Stretched and Stressed by Outbreak, African Doctors Push Back

For as long as she can remember, Bilqis Muhammad wanted to be a doctor. At age 34, she works in the emergency room of a hospital in Zaria, a city of 400,000 in the grasslands of northern Nigeria. Though she frequently has to put in overtime to make up for staff shortages, in seven years on the job she’s always showed up for work, no matter how tired or frustrated she was. The novel coronavirus pandemic has changed that.

On June 15, Muhammad joined thousands of Nigerian physicians in a strike to highlight the dangerous conditions they face in the outbreak, which has infected more than 250 doctors in Nigeria and killed at least 12. The union says staff lack sufficient protective equipment, haven’t received promised overtime bonuses, and have been shaken down by police while commuting during the lockdown. “We’re putting in our best in the Covid response,” says Muhammad, a union leader in Zaria. “And the government isn’t ready to give us adequate protection.”

Stretched and Stressed by Outbreak, African Doctors Push Back

Across Africa, doctors are pushing back against the risks they’re being asked to shoulder in the pandemic.
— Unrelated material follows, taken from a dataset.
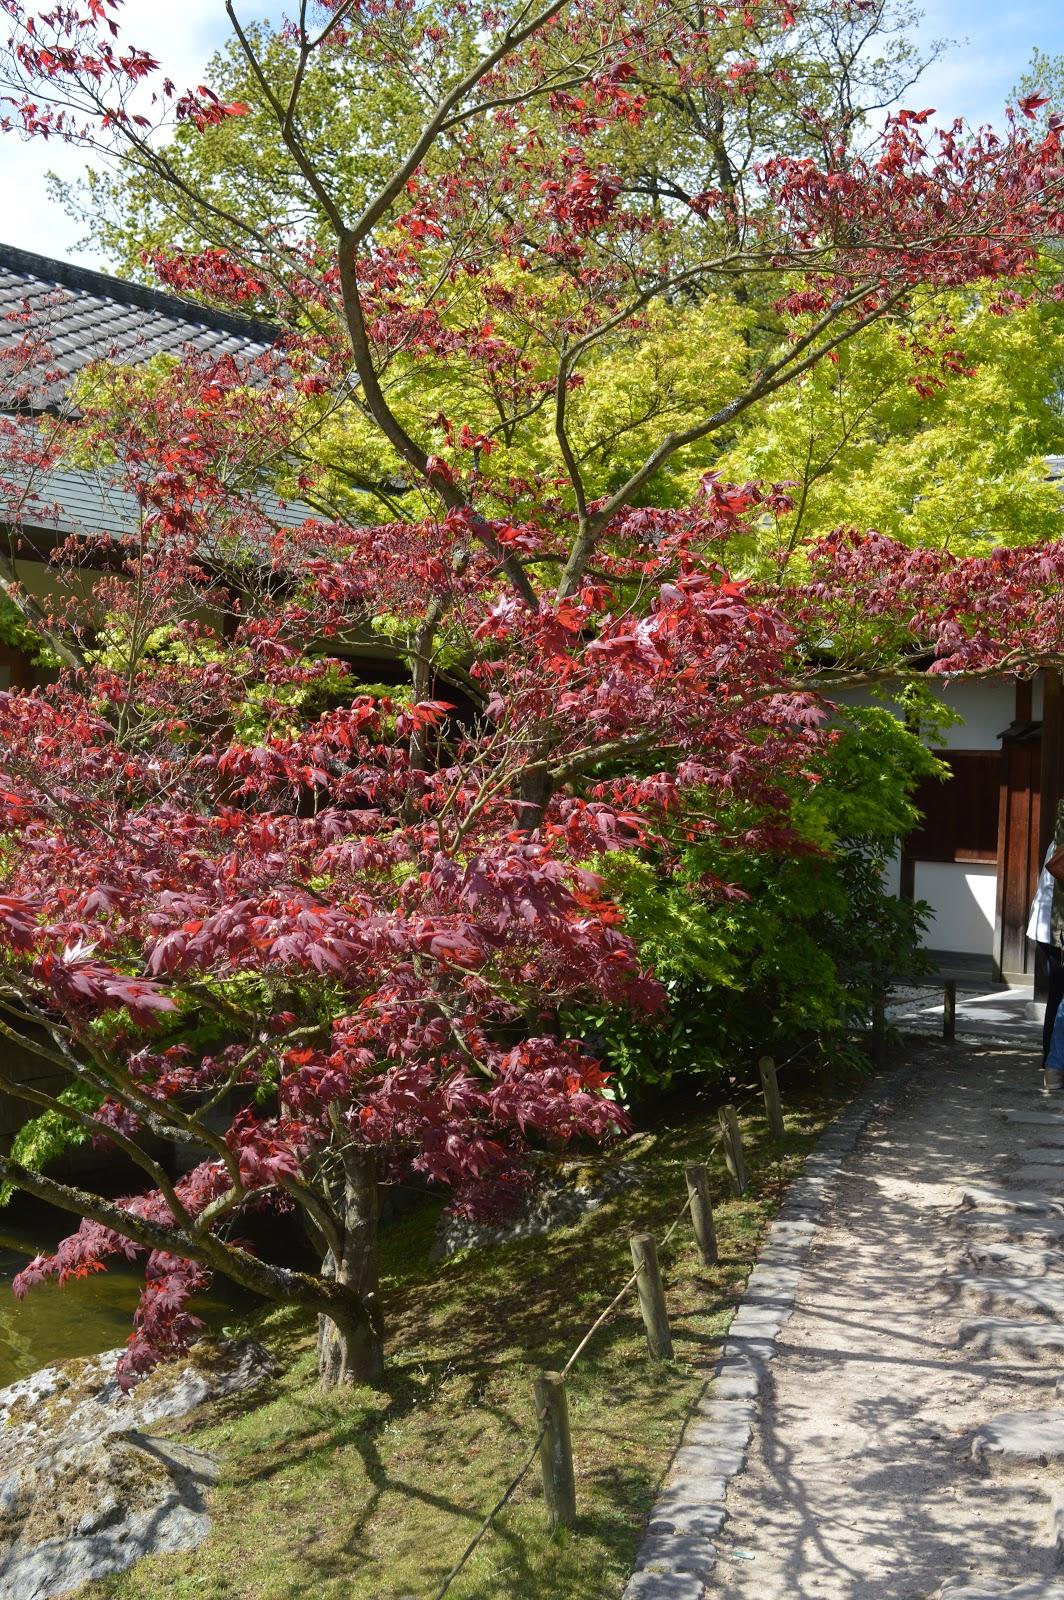 Passionn ment jardin visite du jardin japonais de hasselt for Jardin a visiter 78

In Sierra Leone, physicians are refusing to treat coronavirus patients until the government provides them with promised “hazard pay.” In Ivory Coast, a half-dozen unions representing medical staff threatened to walk out in April to protest a lack of protective clothing and equipment, but they called off the strike when the government agreed to conditions neither side will disclose.

In Kenya, several health-care unions have threatened to strike if the government doesn’t better protect them. “Our members are given one mask for a 16-hour shift,” more than three times as long as they’re supposed to be worn, says Seth Panyako, secretary general for the Kenya National Union of Nurses.
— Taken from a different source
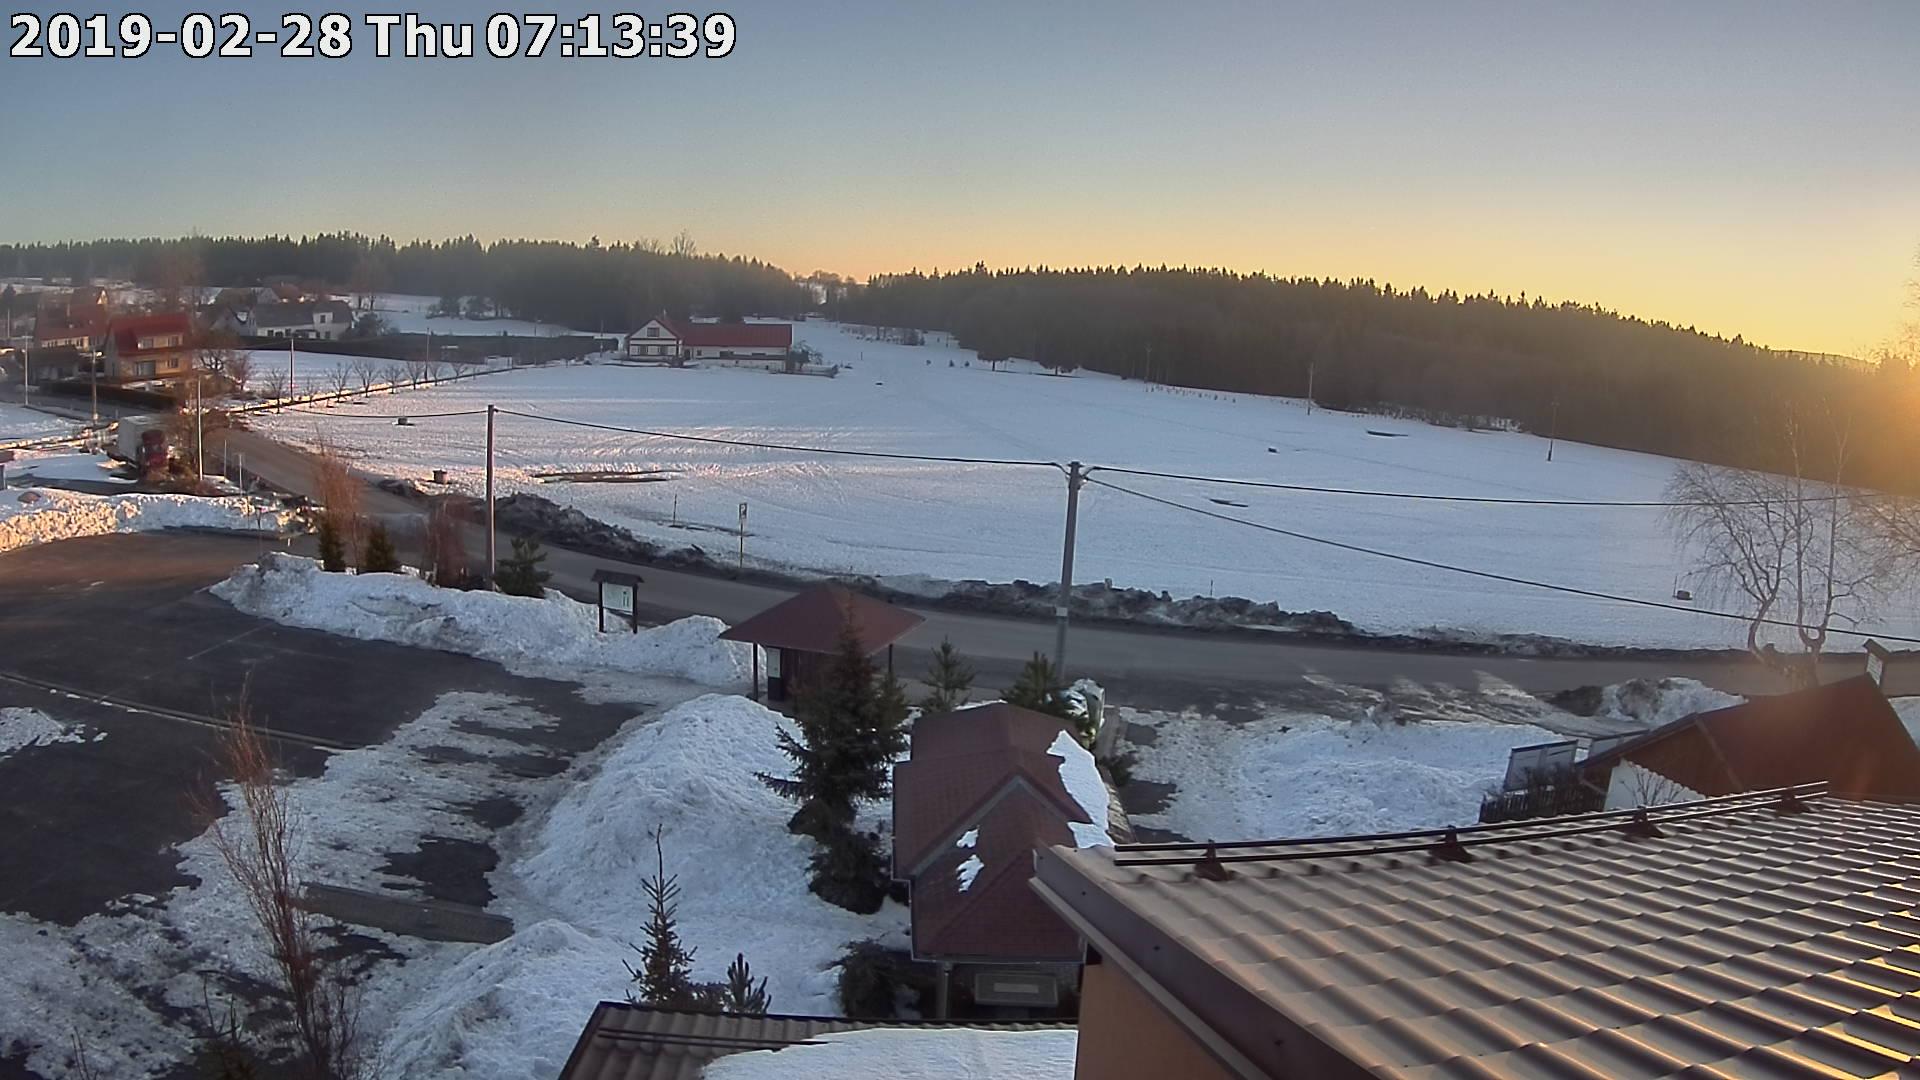 Webkamera ze dne 2019-02-28

The frustration is palpable as physicians across Africa struggle with the virus in a region that is home to only about 3% of the world’s health-care workers and less than 1% of its financial resources. World Health Organization representatives in the region say almost 1,000 health professionals in Africa have been infected with Covid-19—as many as 10% of workers in the sector in some countries.
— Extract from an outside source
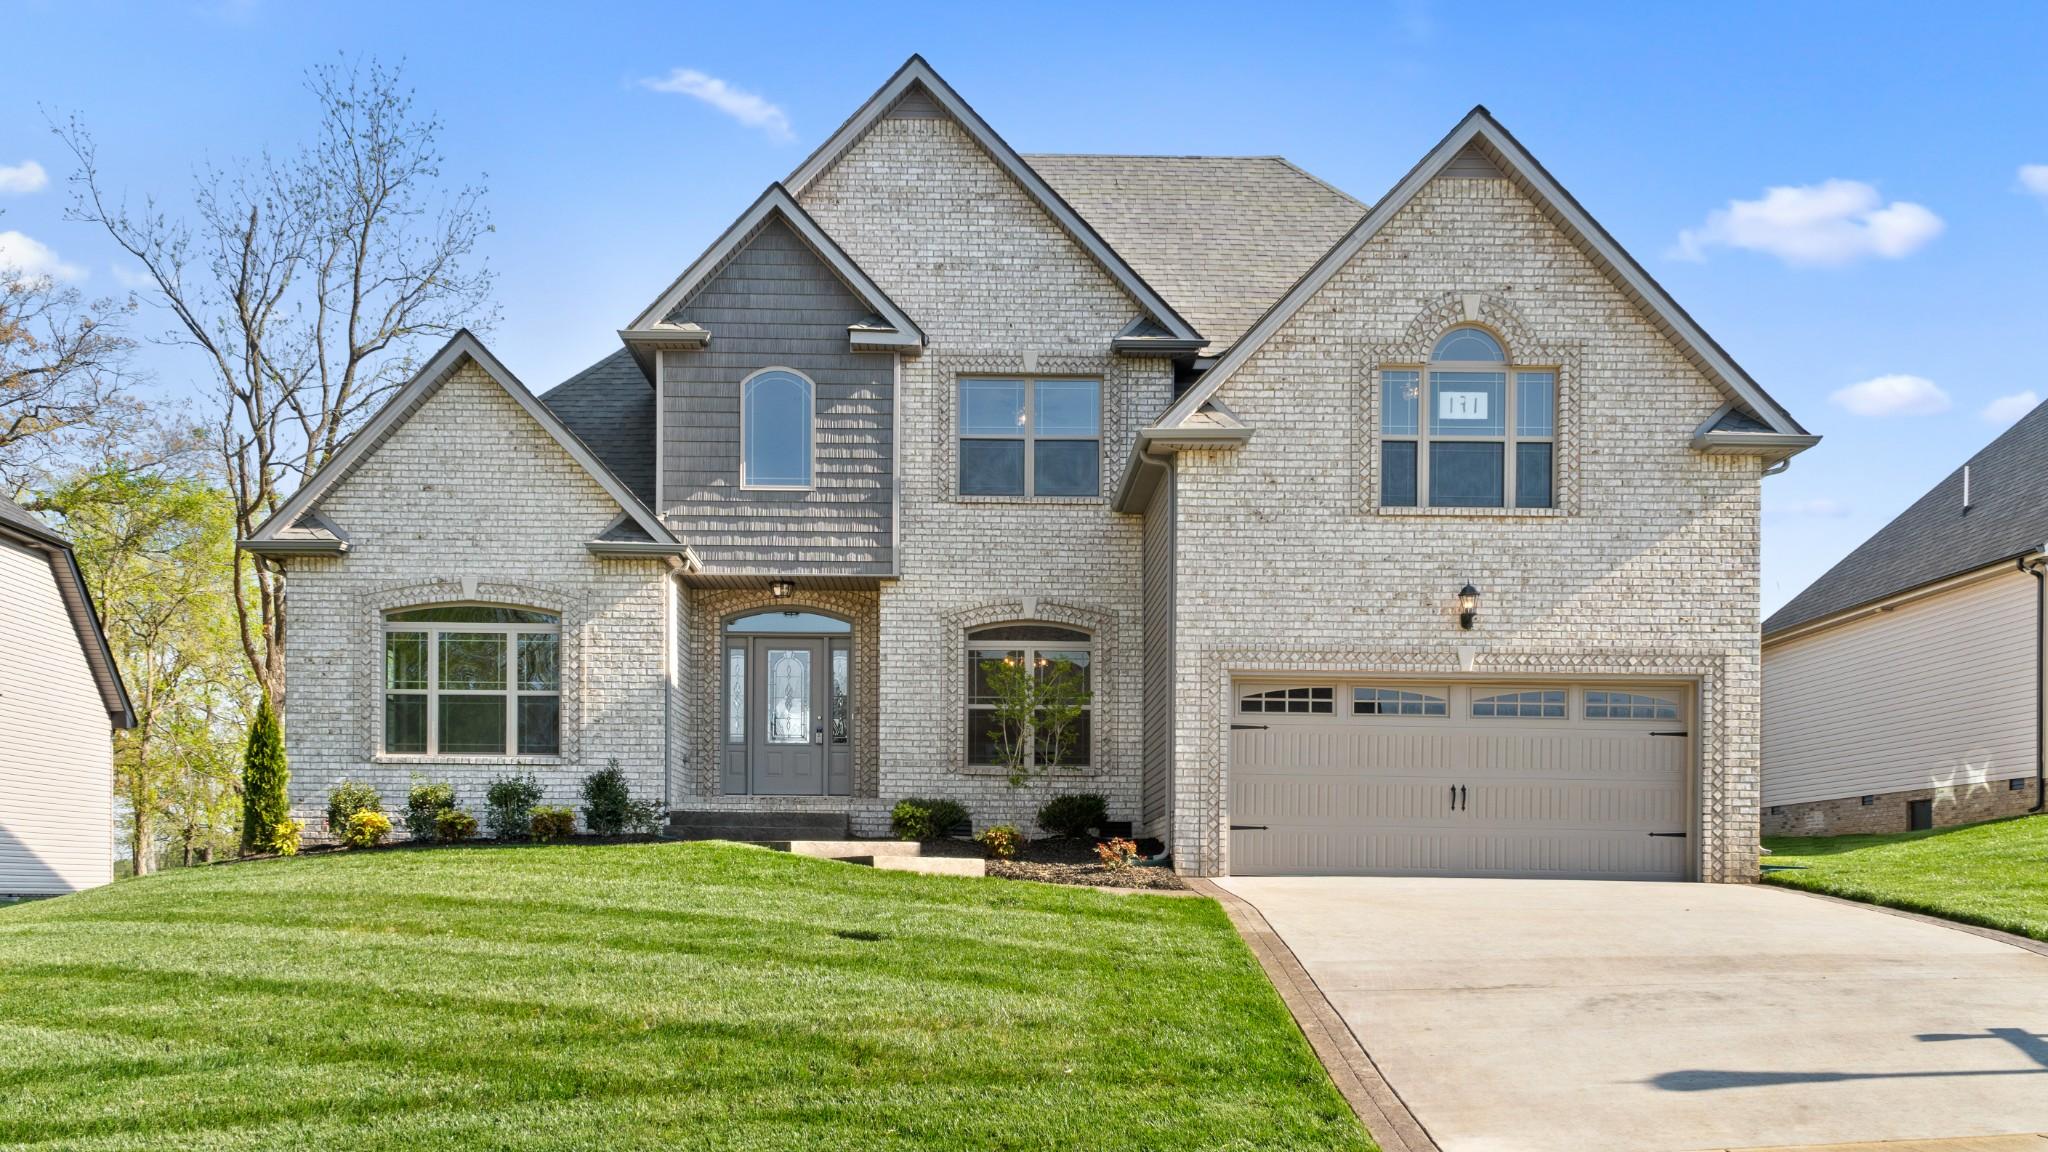 489 Autumnwood Property Photo

Stretched and Stressed by Outbreak, African Doctors Push Back

In Guinea-Bissau, where 9% of the country’s 2,000 health workers have tested positive for Covid-19, hospitals overflowing with coronavirus patients are running short of oxygen and ventilators. In Liberia, which lost about 8% of its medical professionals to Ebola a half-dozen years ago, and where the only properly equipped treatment center is the military hospital in the capital, some doctors say they haven’t been paid since January. Worse, just as the virus was accelerating, the government laid off about 4% of its health-care workers to meet budget-cutting measures to qualify for an International Monetary Fund loan; remaining staff are struggling to keep up.

The health-workers’ union is negotiating for improved conditions and better protective gear, says Deemi Dearzrua, a union secretary in Monrovia, the capital. “It’s like sending soldiers to the front line without bullets,” Dearzrua says. “We’re repeating the mistakes from the Ebola outbreak.”

But it’s in Nigeria—Africa’s most-populous country—that medical staff have been the most vocal. The National Association of Resident Doctors says police and other security agents have berated, assaulted, and extorted payments from members on their way to work, even though the government said people rendering essential services were exempt from curfews. The doctors say it took three months for the government to send protective gear, and Muhammad says she and her colleagues ended up buying it themselves.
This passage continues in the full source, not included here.